Je ne viens donc pas demander qu'on flatte ces intéressantes populations des Flandres ; ce que je veux, c'est qu'on leur rende justice. C'est bien assez qu'elles aient perdu leur prospérité d'autrefois ; qu'on ne leur enlève du moins pas leur ancienne réputation d'intelligence et d'activité.

J'aime à croire que le gouvernement ne refuse pas cette justice aux populations dont je prends ici la défense.

Je ne doute pas que ce soit aussi la pensée qui a animé la commission d'adresse, qui, elle du moins, a adopté, sous ce rapport, une rédaction, plus conforme aux idées que je viens d'exprimer.

Pour qu'il n'y ait aucun doute à cet égard, je propose d'ajouter aux mots : « aptitude et énergie », le mot : « traditionnelles ».

M. le ministre de l'intérieur (M. Rogier). - J'appuie la proposition de l'honorable M. de Decker. Nous sommes parfaitement d'accord. A mon sens, la phrase du discours du Trône est entièrement favorable aux populations flamandes.

La pensée du gouvernement aurait donc été bien dénaturée, si l'on avait vu dans le mot « révélé » l'intention de mettre en doute ce que nous voulions officiellement constater aux yeux du pays entier.

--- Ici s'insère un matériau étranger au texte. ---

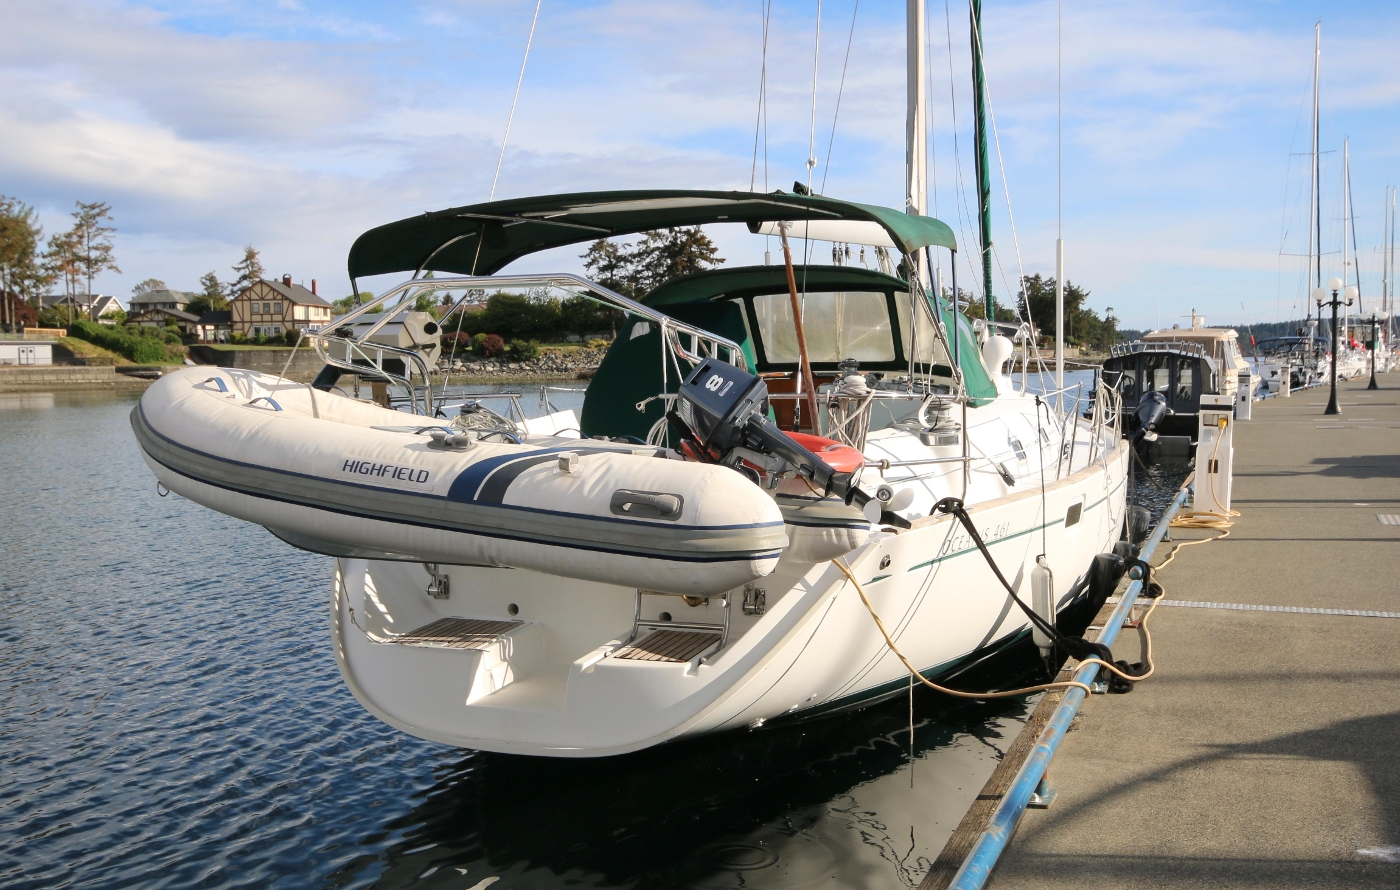 1997 Beneteau Oceanis 461, West Wind on our docks

Que nous a-t-on dit des populations flamandes? Qu'en ont dit certains représentants des Flandres? Ils ont dit que les provinces flamandes étaient tombées dans un état d'atonie générale, dans une sorte de marasme. Voilà la situation où l'on a représenté constamment les Flandres. Nous avons été des premiers à déclarer qu'il ne fallait pas désespérer des Flandres. Qu'a-t-on constaté dans l'exposition de Gand? Les résultats de cette aptitude, de cette énergie dont nous n'avons jamais désespéré, et que l'exposition des Flandres est venue en quelque sorte révéler aux yeux du pays. Voilà l'expression suffisamment justifiée.

S'il fallait entrer dans des explications grammaticales, je dirais que la rédaction première portait le mot « constaté », et que c'est pour éviter une répétition qu'on y a substitué le mot « révélé ».

L'honorable M. de Decker a trop d'élévation dans l'esprit pour supposer qu'une phrase, que nous voulions rendre honorable pour les Flandres, renfermât quelque chose de déshonorant en quelque sorte pour les populations, que nous nous sommes fait une loi de relever à leurs propres yeux et aux yeux du pays et de l'étranger. J'admets l'amendement.

M. le Bailly de Tilleghem. - Messieurs, je reconnais volontiers qu'il y a amélioration dans l'état de nos districts liniers des Flandres qui ont le plus souffert des ravages du paupérisme.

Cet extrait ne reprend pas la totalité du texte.